TASK DETAILS — Only the lines below from the one containing "Herbstwanderung Holnis_Kürbisse am Hofladen" to the one containing "275f4d89c8 Gold And" should be repeated, both included and unchanged.

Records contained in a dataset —
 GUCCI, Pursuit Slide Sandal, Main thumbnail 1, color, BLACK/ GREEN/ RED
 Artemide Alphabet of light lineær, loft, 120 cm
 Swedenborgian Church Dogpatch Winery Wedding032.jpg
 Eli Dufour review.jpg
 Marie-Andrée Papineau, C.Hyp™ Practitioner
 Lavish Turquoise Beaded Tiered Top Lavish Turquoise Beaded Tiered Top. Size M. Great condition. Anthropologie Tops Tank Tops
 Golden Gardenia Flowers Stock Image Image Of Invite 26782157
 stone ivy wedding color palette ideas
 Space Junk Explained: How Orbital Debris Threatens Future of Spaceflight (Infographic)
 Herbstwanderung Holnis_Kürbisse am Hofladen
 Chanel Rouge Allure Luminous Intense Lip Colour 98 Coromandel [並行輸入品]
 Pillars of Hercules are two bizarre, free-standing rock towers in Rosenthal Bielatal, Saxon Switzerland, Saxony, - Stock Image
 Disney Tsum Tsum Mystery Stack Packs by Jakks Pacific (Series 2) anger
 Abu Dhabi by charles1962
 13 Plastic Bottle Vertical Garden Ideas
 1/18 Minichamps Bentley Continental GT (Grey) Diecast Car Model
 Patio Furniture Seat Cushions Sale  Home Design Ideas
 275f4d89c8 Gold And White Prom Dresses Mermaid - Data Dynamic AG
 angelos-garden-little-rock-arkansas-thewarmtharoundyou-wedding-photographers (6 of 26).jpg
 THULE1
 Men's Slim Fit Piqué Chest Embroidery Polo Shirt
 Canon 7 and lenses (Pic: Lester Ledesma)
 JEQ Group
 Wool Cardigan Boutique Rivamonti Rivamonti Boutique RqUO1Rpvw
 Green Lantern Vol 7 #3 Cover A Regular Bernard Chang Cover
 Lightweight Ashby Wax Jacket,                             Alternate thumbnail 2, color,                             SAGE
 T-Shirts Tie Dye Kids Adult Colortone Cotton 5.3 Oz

FINISHED TASK —
 Herbstwanderung Holnis_Kürbisse am Hofladen
 Chanel Rouge Allure Luminous Intense Lip Colour 98 Coromandel [並行輸入品]
 Pillars of Hercules are two bizarre, free-standing rock towers in Rosenthal Bielatal, Saxon Switzerland, Saxony, - Stock Image
 Disney Tsum Tsum Mystery Stack Packs by Jakks Pacific (Series 2) anger
 Abu Dhabi by charles1962
 13 Plastic Bottle Vertical Garden Ideas
 1/18 Minichamps Bentley Continental GT (Grey) Diecast Car Model
 Patio Furniture Seat Cushions Sale  Home Design Ideas
 275f4d89c8 Gold And White Prom Dresses Mermaid - Data Dynamic AG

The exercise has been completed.